I don't know if anyone else has noticed, but here we are halfway to another 20 pages, and the adoucette show seems to be hitting its stride. Do we really, really need to get to page 40?
 
No I'm not wrong:

CONCLUSION
The DMCA does not create a new property right for copyright owners. Nor, for that matter, does it divest the public of the property rights that the Copyright Act has long granted to the public.

wtf are you talking about?
new property rights?

Most video tapes come with a copy protection signal embedded on the tape. One popular product in this arena is made by Macrovision. According to Macrovision, "The technology is applied to over 550 million videocassettes annually and is used by every MPAA movie studio on some or all of their videocassette releases. Over 220 commercial duplication facilities around the world are equipped to supply Macrovision videocassette copy protection to rights owners." Also, "The study found that over 30% of VCR households admit to having unauthorized copies, and that the total annual revenue loss due to copying is estimated at $370,000,000 annually." So, it's a pretty big problem.​


the era of vhs
css is a logical extension of old tech to new media
 
wtf are you talking about?
new property rights?

Most video tapes come with a copy protection signal embedded on the tape.

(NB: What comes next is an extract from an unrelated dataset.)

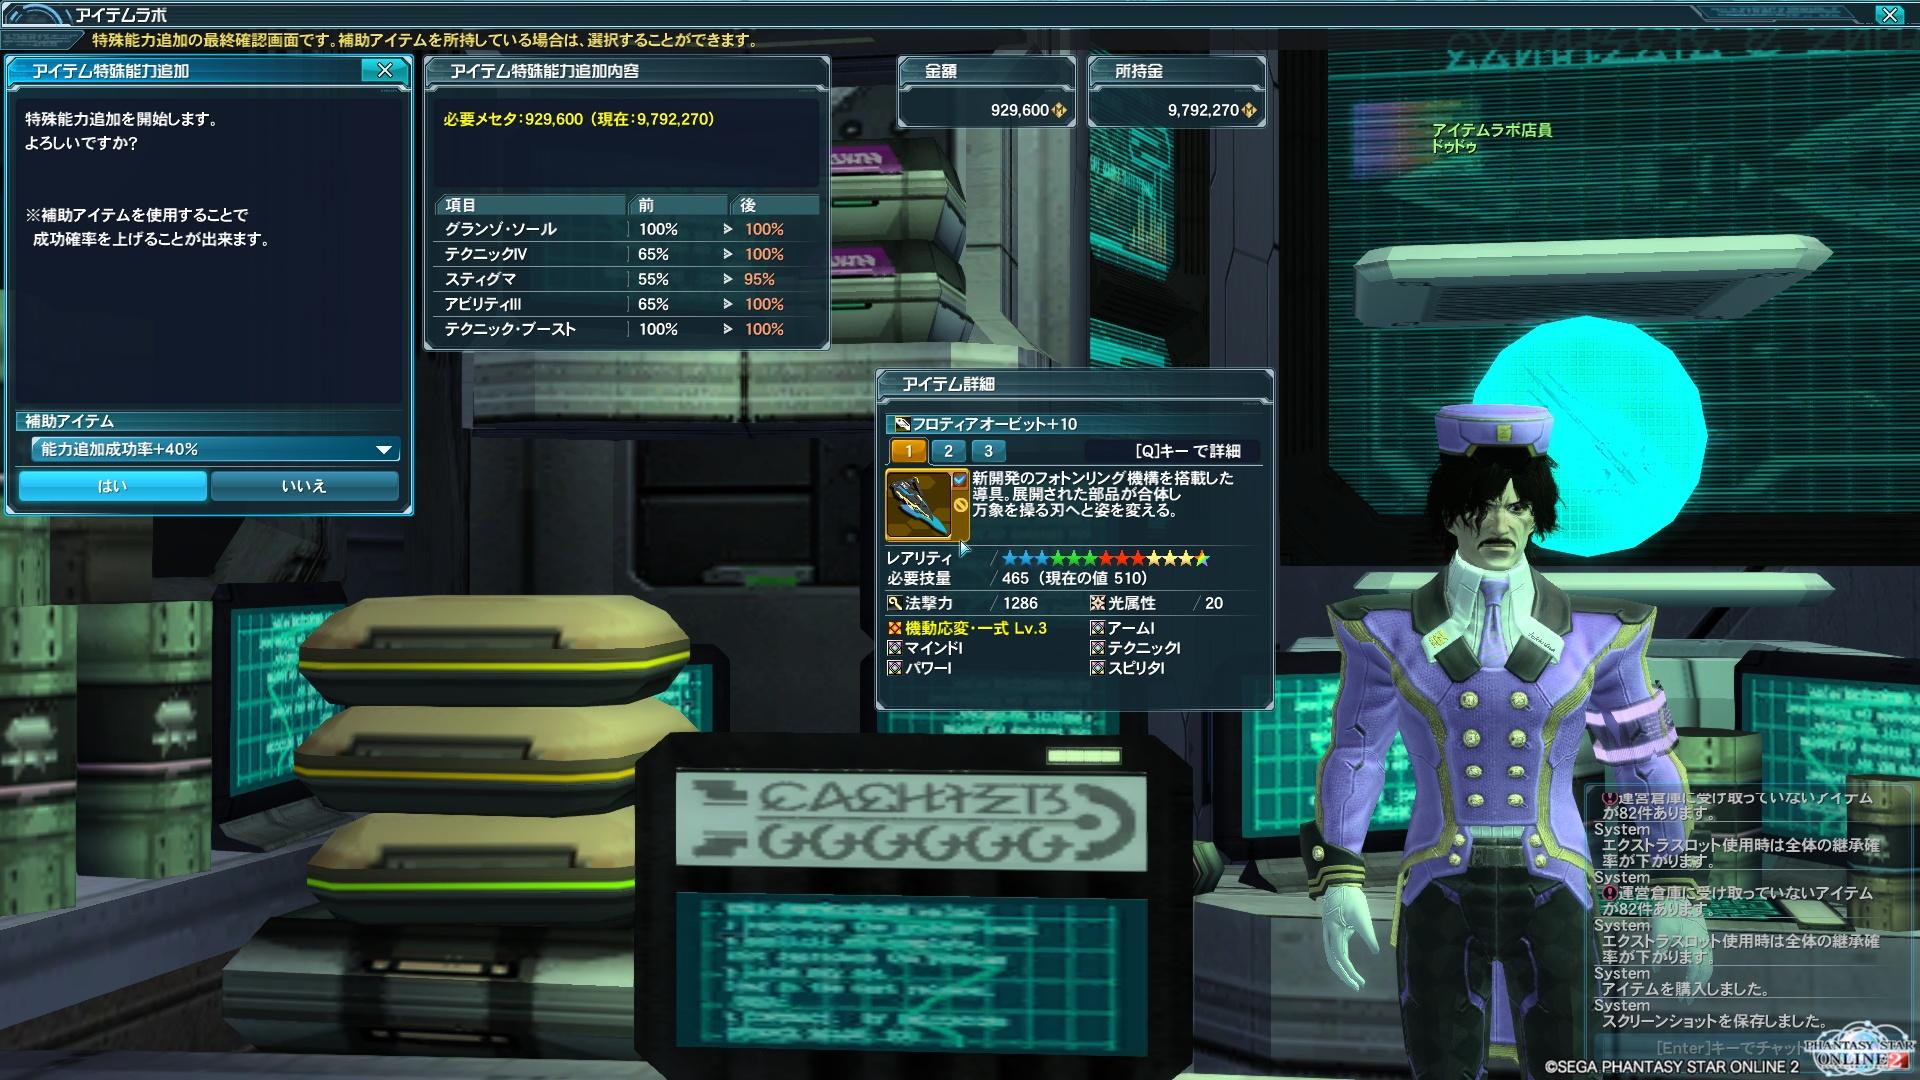 PSO2 5スロ能力付け 法撃+110 PP+8

One popular product in this arena is made by Macrovision. According to Macrovision, "The technology is applied to over 550 million videocassettes annually and is used by every MPAA movie studio on some or all of their videocassette releases. Over 220 commercial duplication facilities around the world are equipped to supply Macrovision videocassette copy protection to rights owners." Also, "The study found that over 30% of VCR households admit to having unauthorized copies, and that the total annual revenue loss due to copying is estimated at $370,000,000 annually." So, it's a pretty big problem.​

the era of vhs
css is a logical extension of old tech to new media

And you illustrate one of the other points that I have been skirting around that Adoucette has missed.

If Adoucette is right, then the problem of piracy is overstated.
 
No I'm not wrong.

Yes you are, because my interpretation is inline with Patels interpretation per Real Networks v MPAA, which in turn considered Chamberlain and still came to the conclusion that it did - that circumventing CSS to copy a DVD generates an offense under the DMCA.
 
Just to get a better definition of CSS, which is copy protection.

No!

It has been well established in every relevant case linked to AND in the last 3 or 4 decisions made by the Librarian of Congress that CSS is access control, not copy control.

It limits a users ability to copy because it limits a users access.
 
Yes you are, because my interpretation is inline with Patels interpretation per Real Networks v MPAA, which in turn considered Chamberlain and still came to the conclusion that it did - that circumventing CSS to copy a DVD generates an offense under the DMCA.

Yes, but Real Networks issue wasn't about someone making copies but about making something that breaks CSS.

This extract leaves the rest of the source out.